§ Dataset extract:
- - - - -

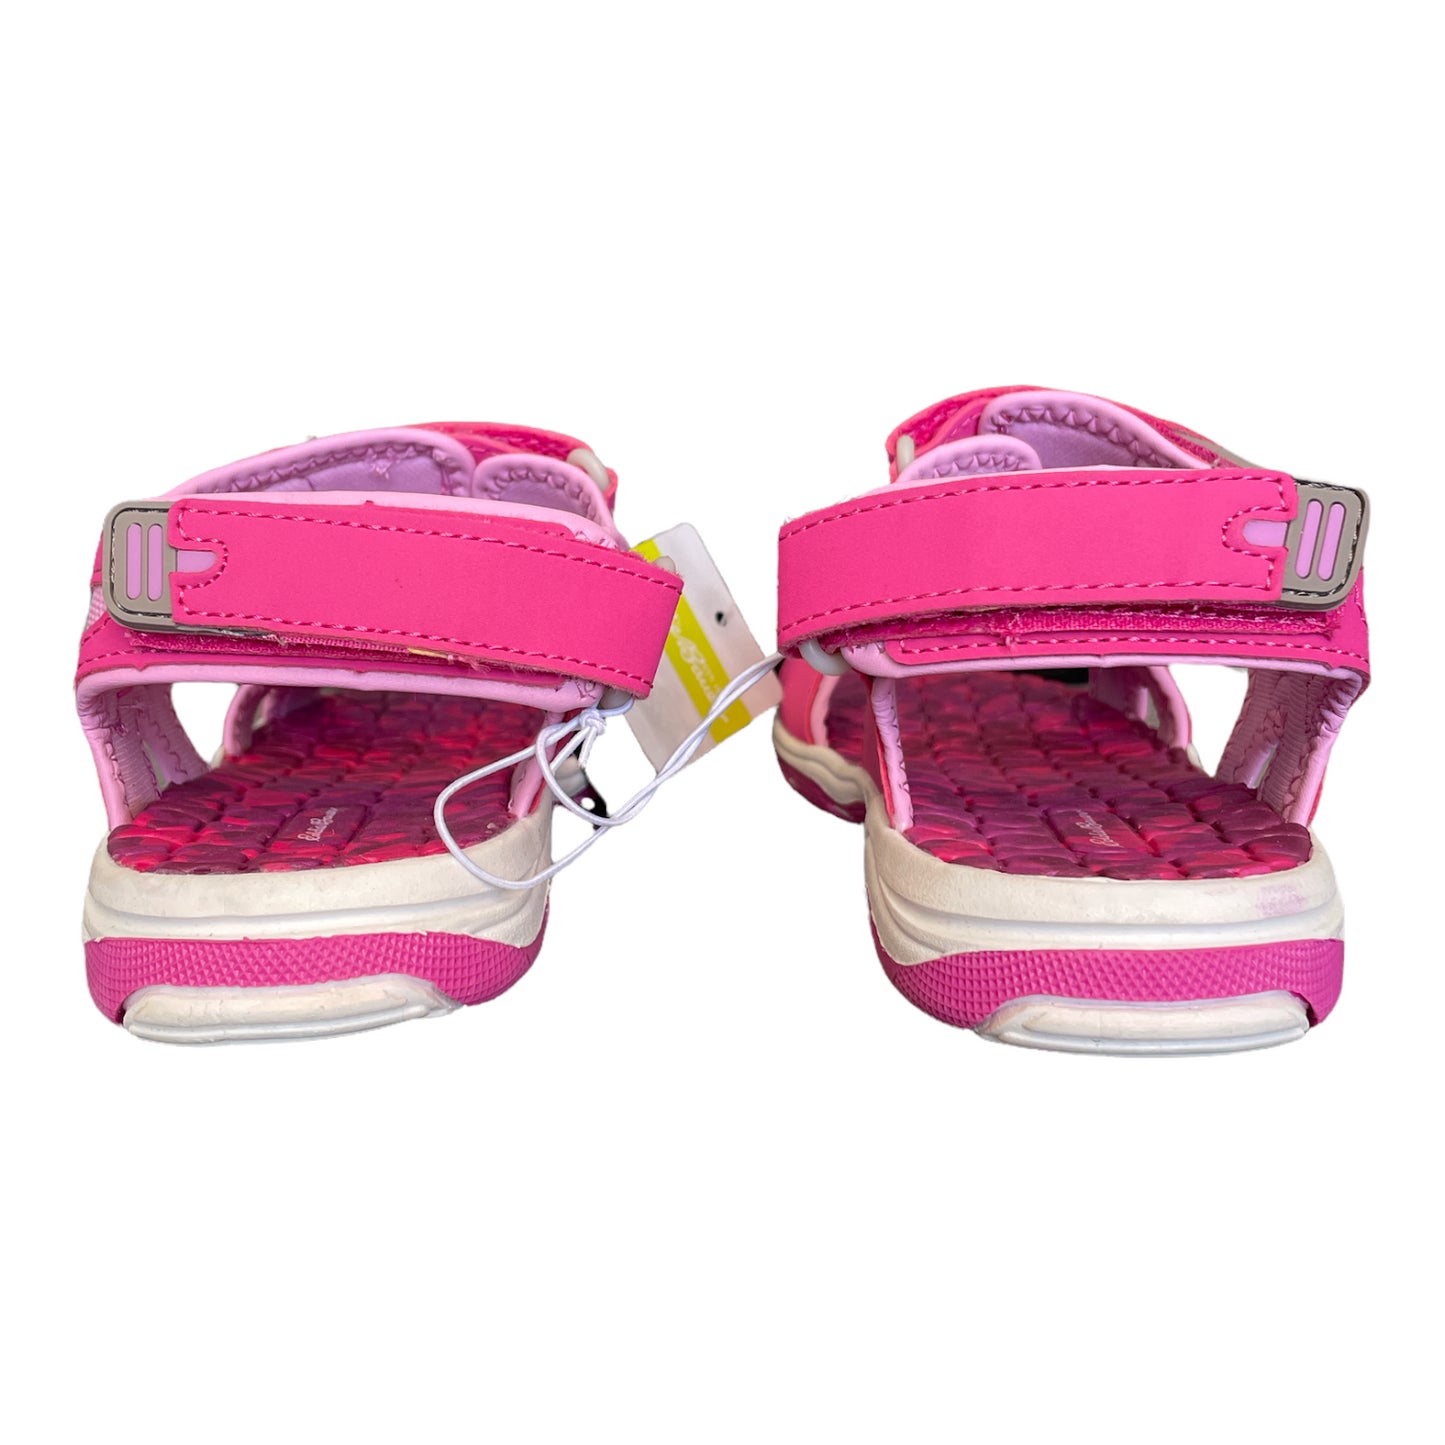 Eddie Bauer Big Girl's Adjustable Strap River Sandal, Hot Pink Tie-Dye
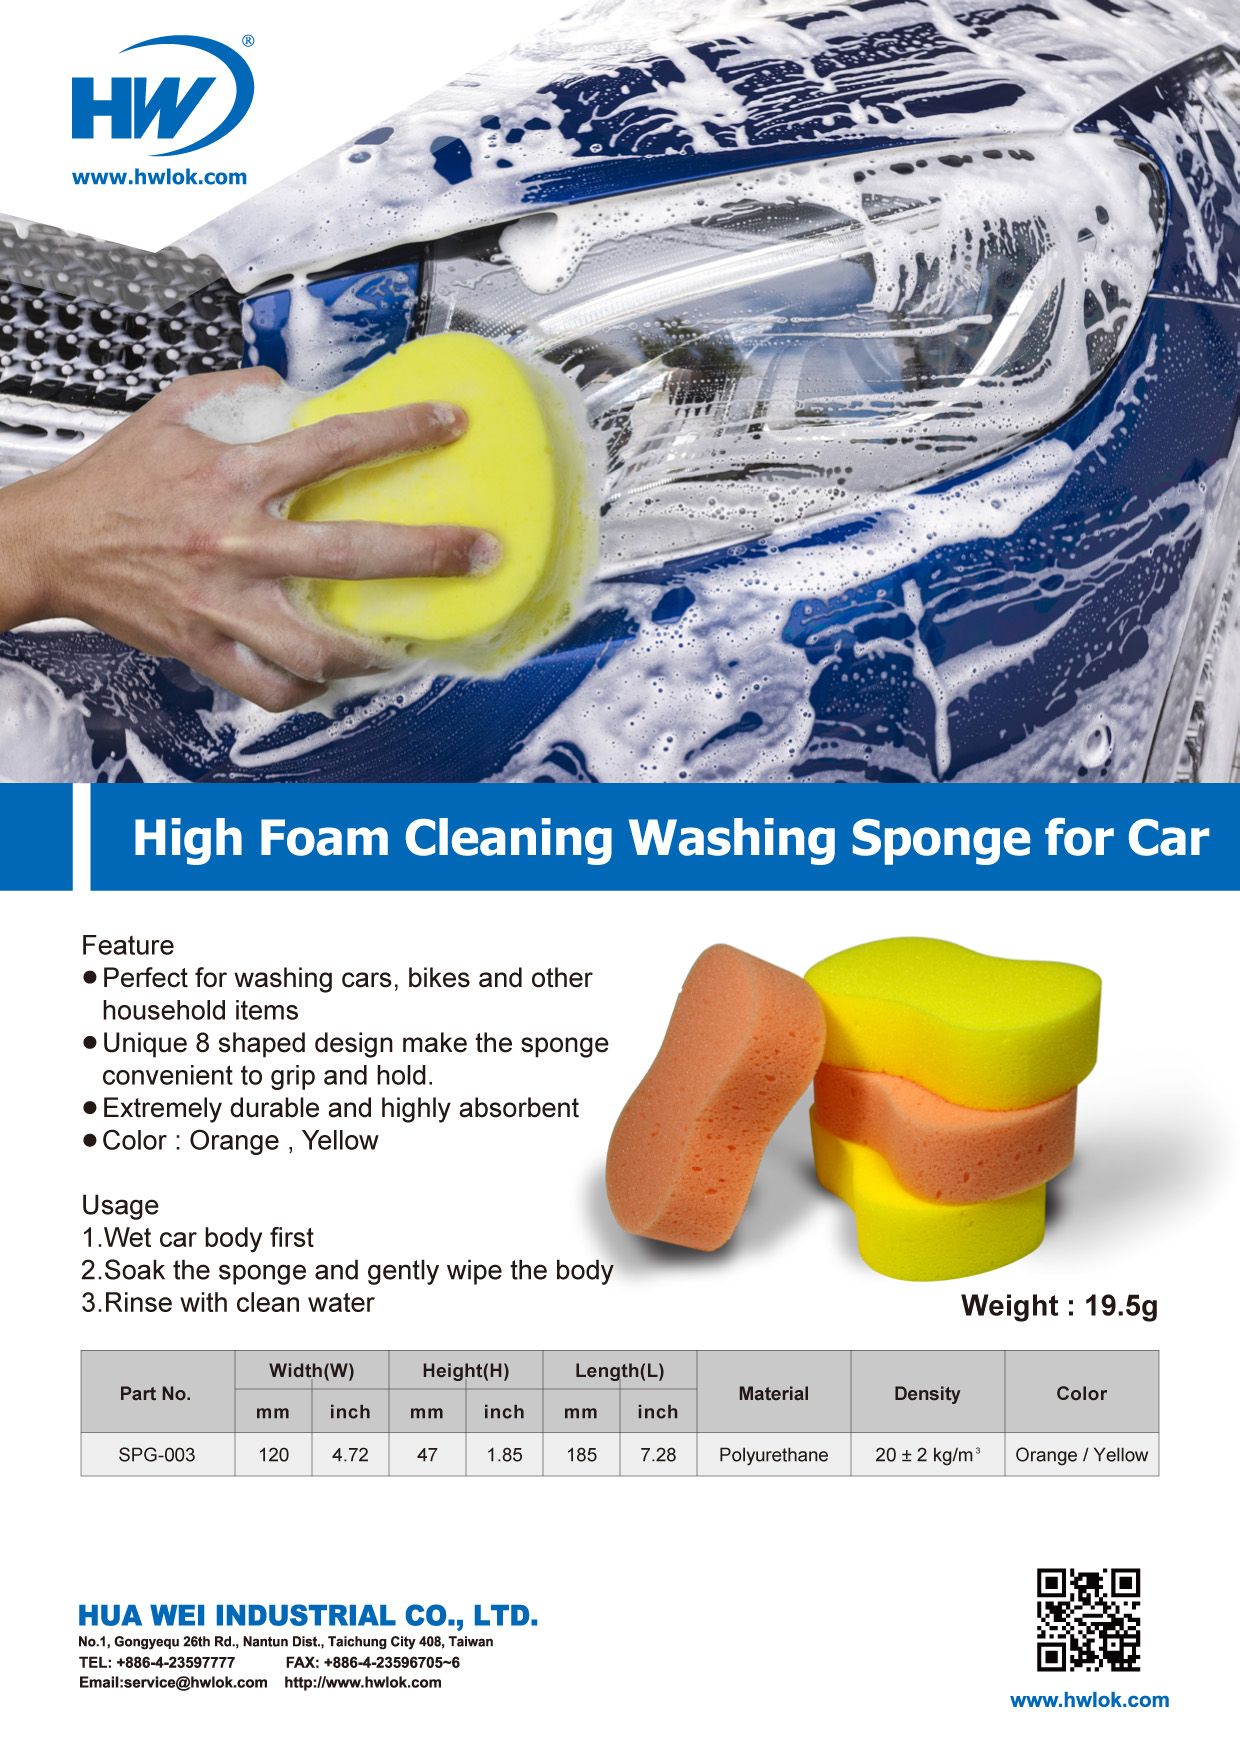 High Foam Cleaning Washing Sponge for Car-DM
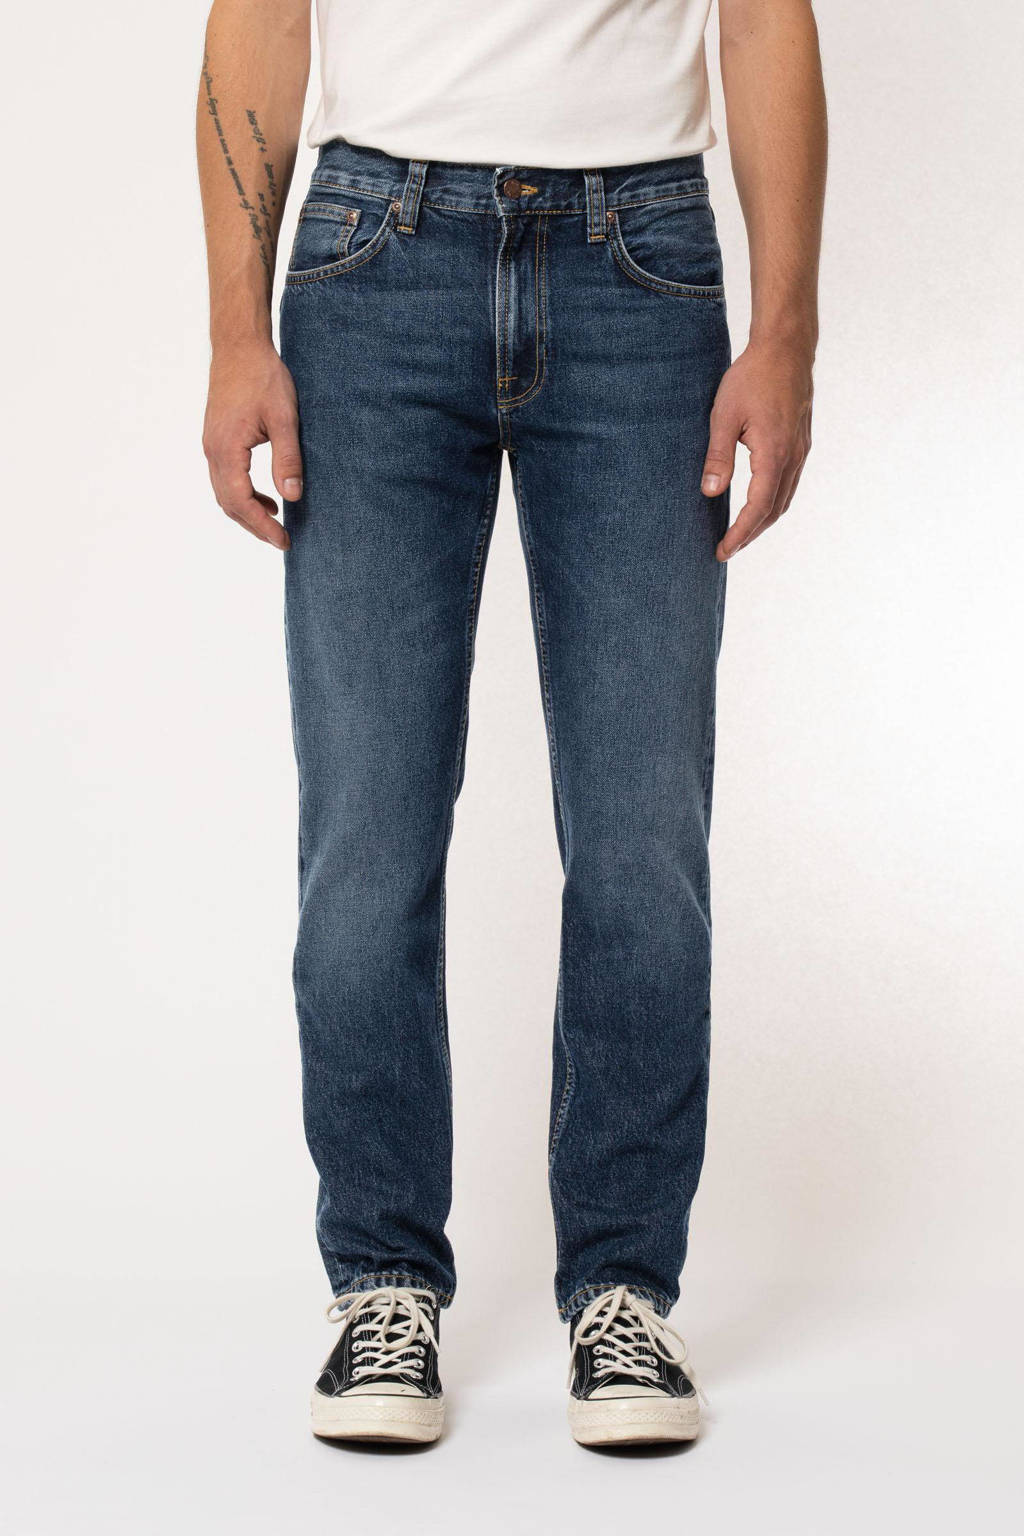 Nudie Jeans regular straight fit jeans Gritty Jackson blue slate, Blue Slate

- - - - -

§ Directions for this task:
For this exercise, retype exactly, and only, the lines from the line with "High Foam Cleaning Washing Sponge for Car-DM" through the last line of the material above, both included. Pictures stay out.

§ Reply:
 High Foam Cleaning Washing Sponge for Car-DM
 Nudie Jeans regular straight fit jeans Gritty Jackson blue slate, Blue Slate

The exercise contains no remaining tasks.